Sister Catherine Adelegan, director of Louis Bautain Farm, had an idea for a solution. Louis-Bautain Farm is a multi-enterprise agribusiness, operating a poultry unit with over 1,000 chickens, a five-acre cassava plantation and processing unit, and a piggery with over 500 pigs. Having sourced a sufficient supply of pig and chicken meal locally before the pandemic, Sister Catherine slaughtered and sold her pigs ahead of schedule, saving the most vulnerable members of her community from hunger. The result was a win-win-win: community members had access to affordable protein, Louis Bautain Farm had income to support the congregation’s five health facilities, and Sister Catherine had enough surplus income to pay interest on her Missio Invest loan ahead of schedule. Wisely anticipating the potential for future currency fluctuations, she even chose to pay more than the amount due, resulting in a pre-payment of principal.

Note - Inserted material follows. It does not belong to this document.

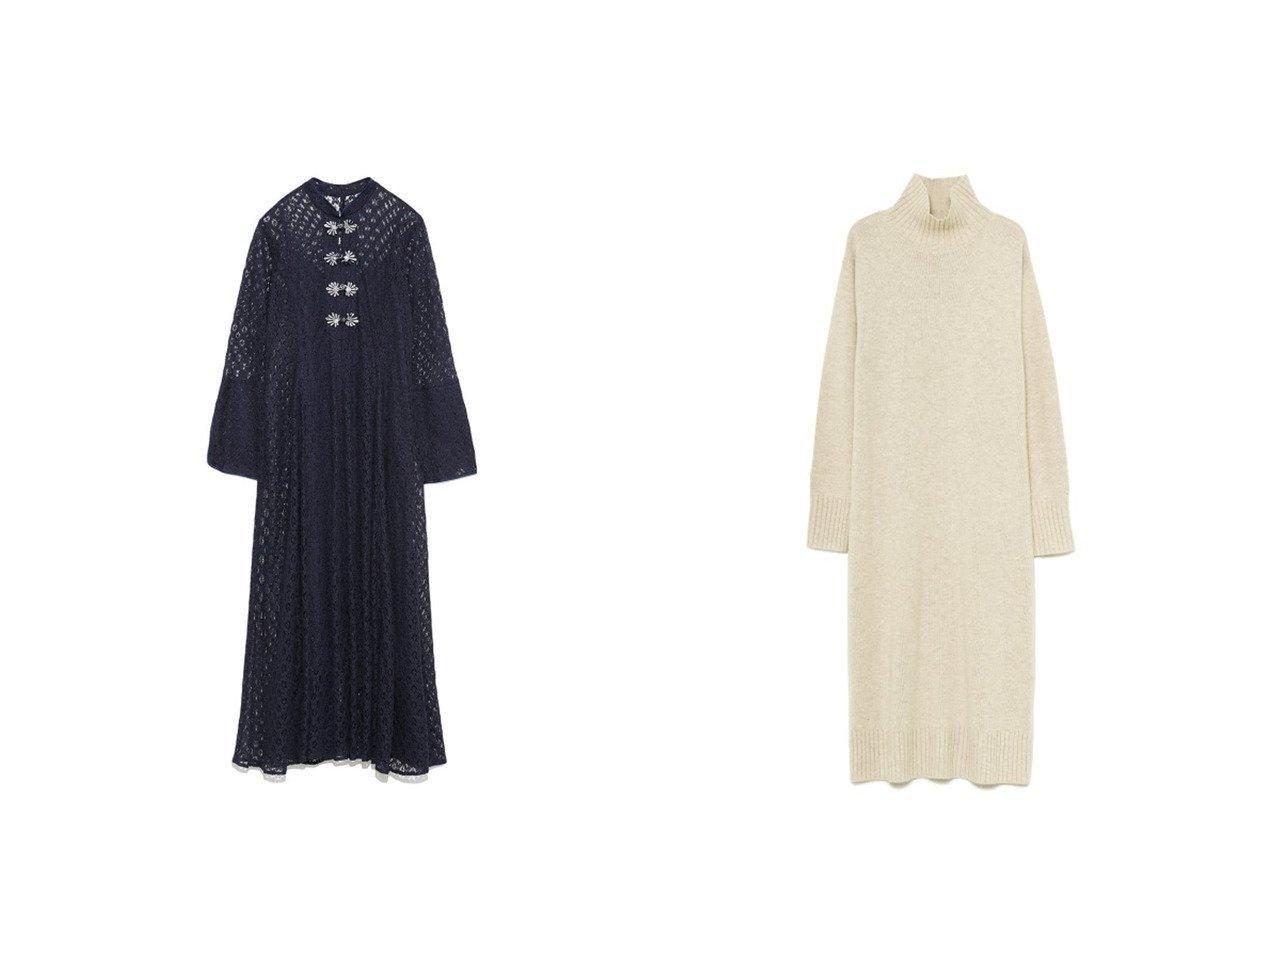 【FRAY I.D/フレイ アイディー】のニットワンピース&【Lily Brown/リリーブラウン】のチャイナレースワンピース ワンピース・ドレスのおすすめ!人気、トレンド・レディースファッションの通販 おすすめで人気の流行・トレンド、ファッションの通販商品 メンズファッション・キッズファッション・インテリア・家具・レディースファッション・服の通販 founy(ファニー) https://founy.com/ ファッション Fashion レディースファッション WOMEN ワンピース Dress ニットワンピース Knit Dresses インナー エレガント 春 Spring カフス スマート スリット 人気 バランス フレア ミックス レース 2021年 2021 S/S 春夏 SS Spring/Summer 2021 春夏 S/S SS Spring/Summer 2021 フォックス ブラウジング ベーシック リラックス A/W 秋冬 AW Autumn/Winter / FW Fall-Winter 2020年 2020 2020-2021 秋冬 A/W AW Autumn/Winter / FW Fall-Winter 2020-2021  ID:crp329100000013743
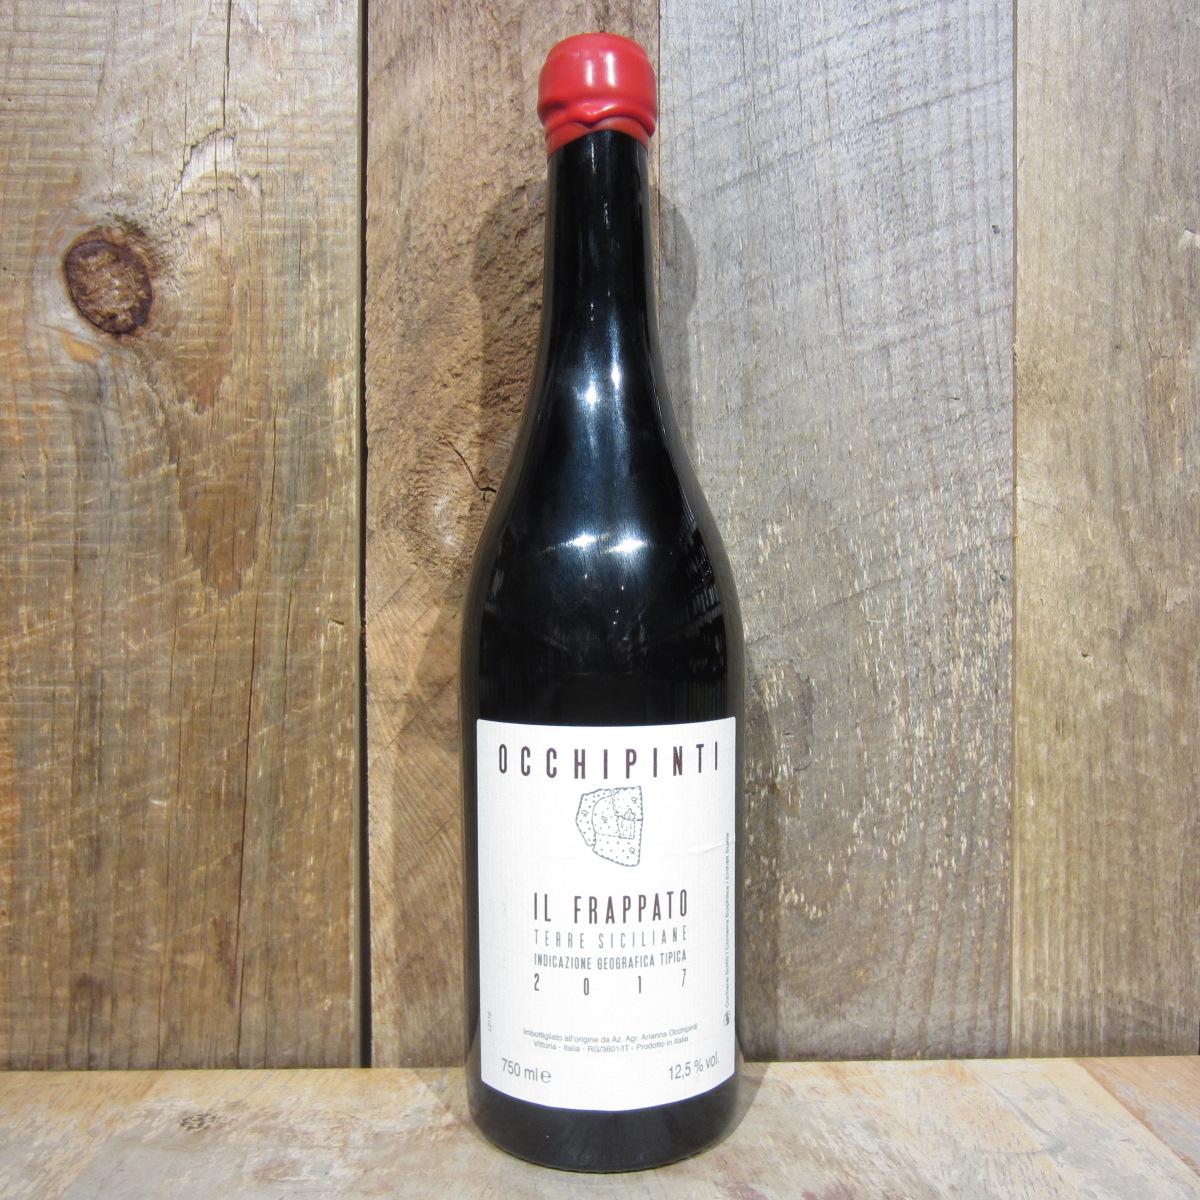 Occhipinti Il Frappato Rosso 2018/19 750ml

The Sisters have developed close ties with the surrounding community. Recently, when they visited the local Obi (ruler) of Ewulu Land and his Council to tell them they had food staples to distribute to the neediest, the Obi expressed his gratitude for the Sisters’ long history of assisting his people and vowed that he would continue to support them and to ensure their safety.
- Integration with local communities, which serve as customer bases and sources of labor in any economic cycle.
- Presence of resilient markets for produce through the global network of Church-operated schools, health facilities, and other social institutions.
- Diversification across several revenue-generating enterprises, which creates a cushion in the event of market disruptions to any one sector.
- Hyper-local solutions, which ensure that Missio Invest’s borrowers are not dependent on export markets and supply chains.
- Experience in managing business operations with limited resources during times of crisis. Many congregations were formed in poverty-stricken rural areas with the explicit purpose of finding ways to provide healthcare and education services where none existed, and they have retained their expertise in operating through difficult circumstances.
These factors have enabled many of Missio Invest’s portfolio agribusinesses to weather the COVID-1 9 storm. Investees like Sister Catherine and her farm in Nigeria provide living proof that, even in times of crisis, it is possible to do a lot of good with very little.